Return type of info/0.

pitch_shift()

@type pitch_shift() :: -24..24

Pitch shift in semitones. Range: -24..24 (values are clamped).

playback_mode()

@type playback_mode() :: :auto | :file | :stdin

Audio playback mode:

  • :auto — prefer stdin when available; otherwise fall back to file playback
  • :file — always use file-based playback
  • :stdin — stream WAV bytes via stdin (diskless); falls back to file if unsupported

player_option()

@type player_option() ::
  {:timeout, non_neg_integer()} | {:playback_mode, playback_mode()}

Options accepted by playback functions.

rate()

@type rate() :: float()

Speaking rate multiplier. Range: 0.5..2.0 (values are clamped).

say_option()

@type say_option() :: player_option() | synth_option() | {:out, Path.t()}

Options accepted by say/2 (synth + playback + optional :out).

synth_option()

@type synth_option() ::
  {:timbre, timbre()}
  | {:pitch_shift, pitch_shift()}
  | {:rate, rate()}
  | {:gain, gain()}
  | {:voice, Path.t()}
  | {:dictionary, Path.t()}
  | {:timeout, non_neg_integer()}

Options accepted by synthesis functions.

timbre()

@type timbre() :: float()

Voice color adjustment. Range: -0.8..0.8 (values are clamped).

Functions

info()

@spec info() :: {:ok, info_map()}

Return useful information about the local Open J Talk setup.

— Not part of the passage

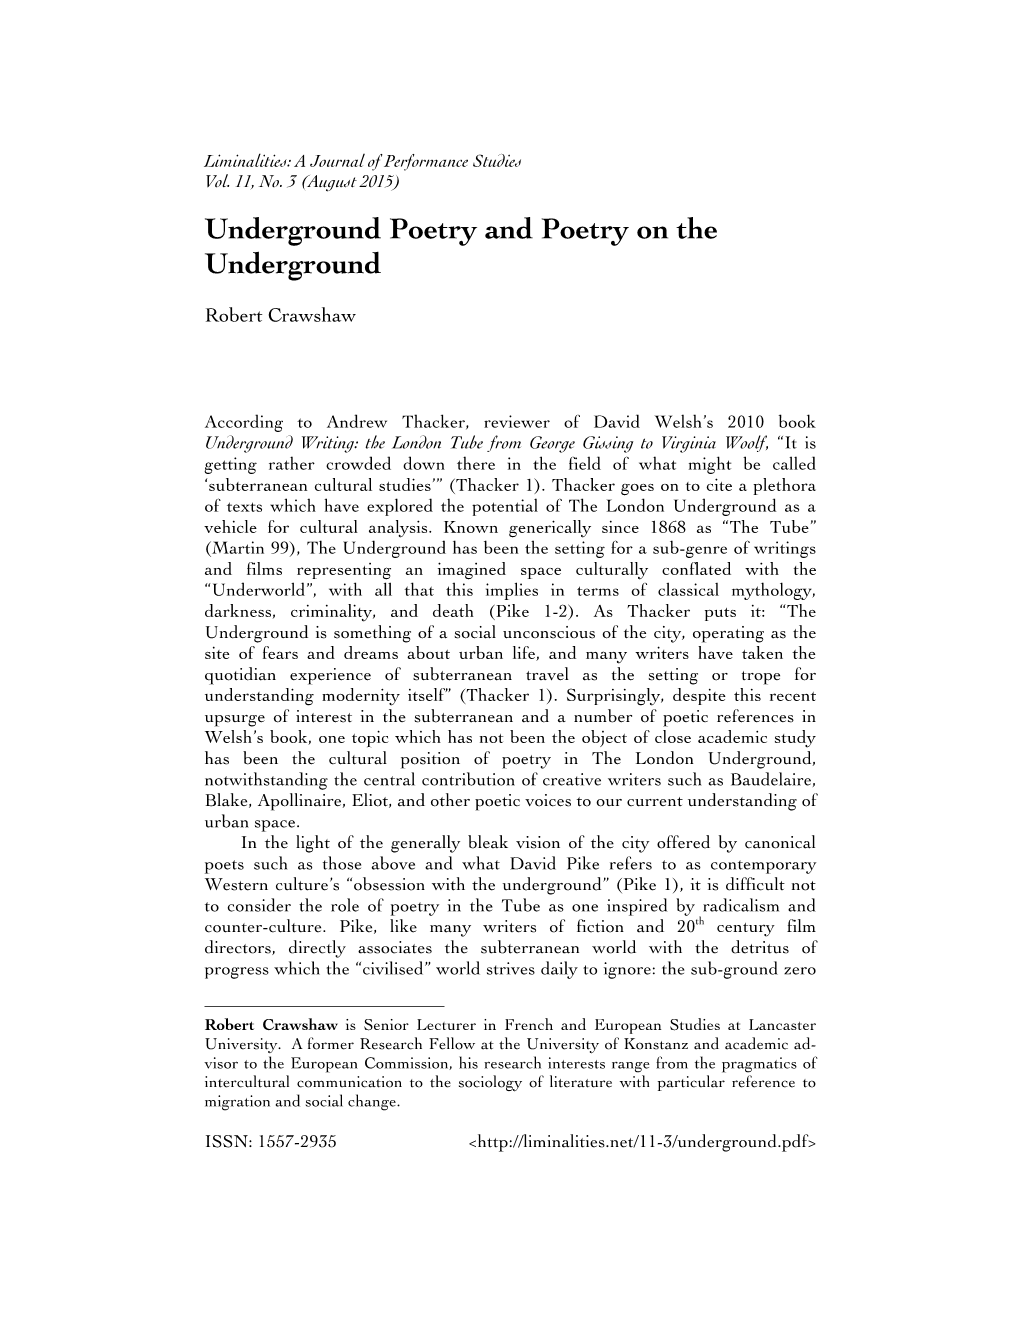 Underground Poetry and Poetry on the Underground
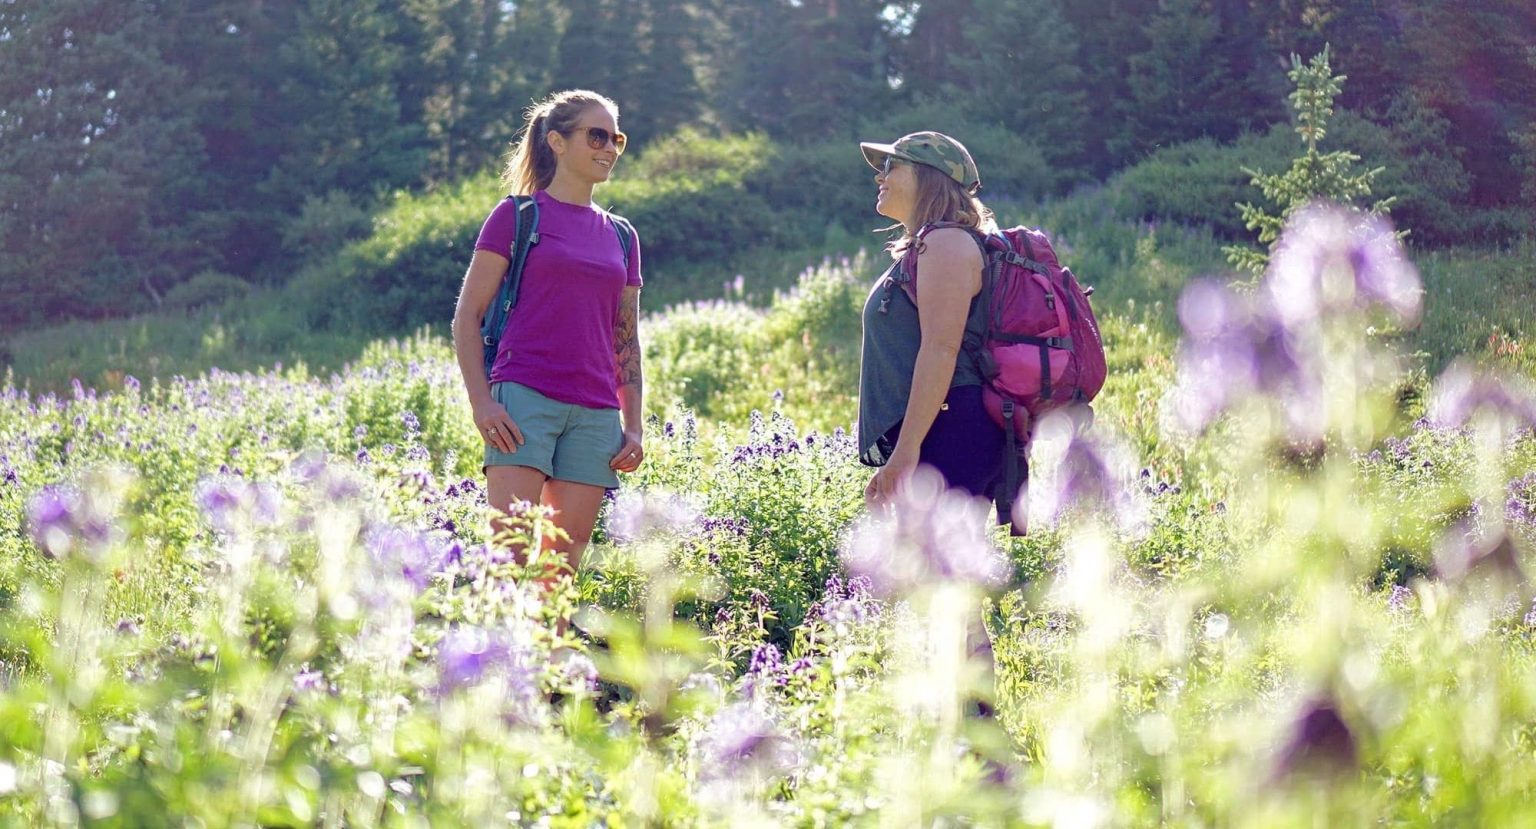 Two women talking in wildflowers - photo by Louie Traub

play_wav_binary(wav_bytes, opts \\ [])

@spec play_wav_binary(iodata(), [player_option()]) :: :ok | {:error, term()}

Play RIFF/WAV bytes already in memory (no temp files).

Accepts the same :playback_mode and :timeout options as say/2. Use playback_mode: :stdin for diskless playback when a stdin-capable player is available.

play_wav_file(path, opts \\ [])

@spec play_wav_file(Path.t(), [player_option()]) :: :ok | {:error, term()}

Play a WAV from a file path. See play_wav_binary/2 for options.

say(text, opts \\ [])

@spec say(binary(), [say_option()]) :: :ok | {:error, term()}

Synthesize text with Open JTalk and play it.

:playback_mode controls how playback occurs:

  • :auto (default) tries stdin first, then falls back to file playback.

to_wav_binary(text, opts \\ [])

@spec to_wav_binary(binary(), [synth_option()]) :: {:ok, binary()} | {:error, term()}

Synthesize text and return RIFF/WAV bytes.

to_wav_file(text, opts \\ [])

@spec to_wav_file(binary(), [synth_option()]) :: {:ok, Path.t()} | {:error, term()}

Synthesize text to a WAV file. Respects :out when provided; otherwise creates a unique path in the system temp dir.

validate_options!(opts)

@spec validate_options!(keyword()) :: keyword()

Validate options for synthesis and playback.

Allowed keys:

  • Synthesis: :timbre, :pitch_shift, :rate, :gain, :voice, :dictionary, :timeout
  • Playback: :playback_mode, :timeout
  • Files: :out

Enforcement:

  • Unknown keys raise ArgumentError
  • :playback_mode must be one of :auto | :file | :stdin (if present)

  • :timeout must be a non-negative integer (if present)

Returns the original opts on success.